The other one that has come up a little more lately is there are times when people use more concentrated insulins in the pump than what the pump is designed for. So, U100 is our standard. Somebody may be using U200, U500, and so what's programmed in the pump isn't actually their insulin doses, and so that can that requires a lot of math and a lot of thinking through how to do that safely in the hospital, especially if you have to stop that pump. Those are the 2 primary things I can think of. But the other is just that insulin is available at any given point in time. And there's just some patients that it’s not a good candidate for. If somebody comes in and they're on suicide watch, you don't want them to have full access to insulin doses all the time. But for the most part, if supervised appropriately, it's safer to just continue someone's home device than to try to manage it another way.

Q: What is the role of the pharmacist in inpatient diabetes care?

Michelle Condren, PharmD, AE-C, BCPPS, CDCES, FPPA: And again, that's going to depend on the institution and kind of how well supported they are by certified diabetes educators, endocrinologists, and all that. But me as a pharmacist, I feel like we can play an integral role starting with when they first come in, making sure we know what kind of insulin they're putting in their pump, and also making sure those doses are correct. S,o it's almost like doing a different kind of metric. Someone needs to look at that pump and actually write down what the settings are. And so being trained to be able to do that, because the accuracy of everything you do after that depends on that. And so, I think pharmacists, like that's almost part of a metric to get those insulin doses correct. And I think that pharmacists can definitely be in a key role to be looking at trends in blood sugars over and over. And if something's not going well to be able to help the team, determine the best solution to that. And then again, just making sure people are changing their sites when they need to for their pumps, because that insulin won't be good for very long. They're wearing it right next to their body, it's hot. And so, making sure that they recognize that they're going to need new insulin every 3 days.

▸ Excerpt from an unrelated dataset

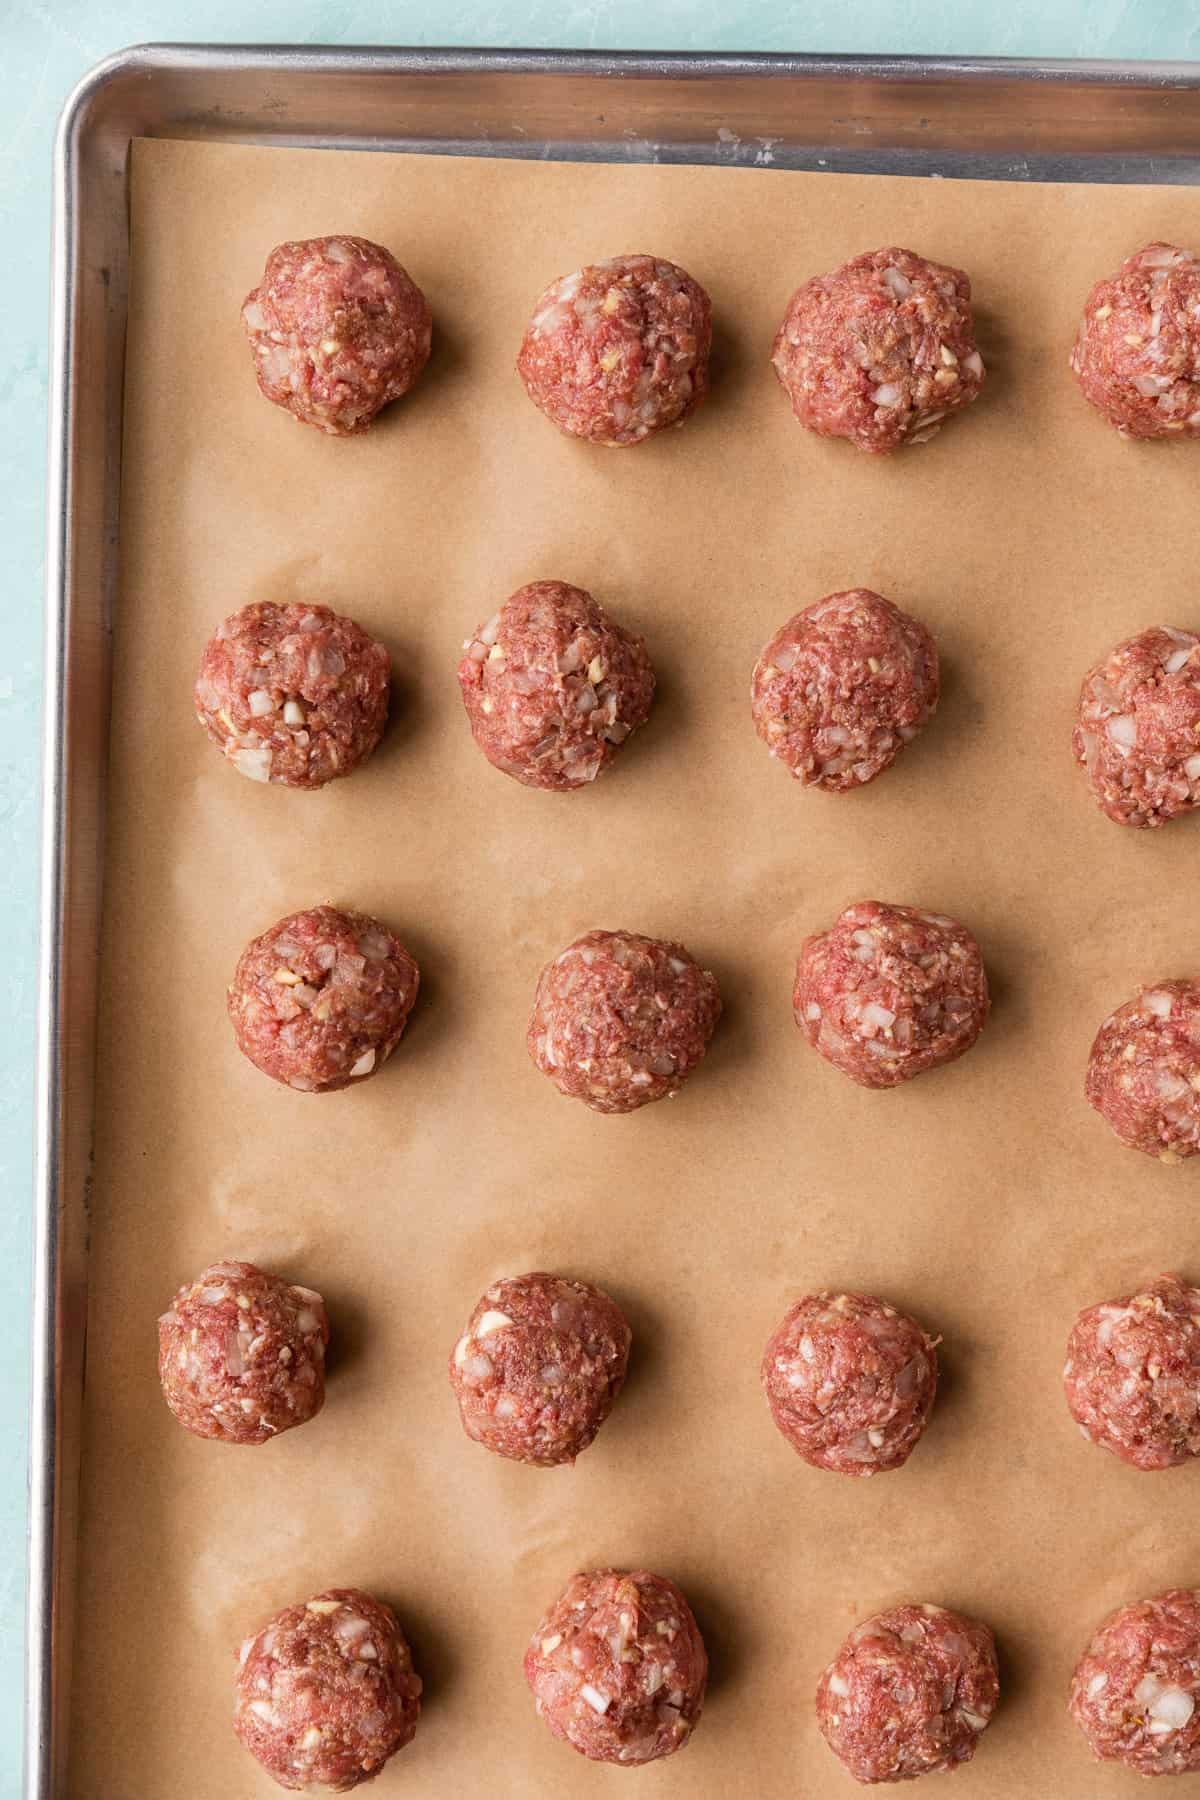 Meatballs formed in a baking sheet.

Q: Do you have any closing thoughts?

Michelle Condren, PharmD, AE-C, BCPPS, CDCES, FPPA: I think the biggest thing is that diabetes technology is changing month by month, and all of that, all of those changes have made diabetes management safer, more effective, and are improving quality of life for these patients. And so, our challenge as health care providers and facilities is to keep up with that. And I think we're going to have to figure out a way to make sure our people and our infrastructure is set up in such a way that people can continue doing what is in the majority of scenarios going to be better for them in the long run.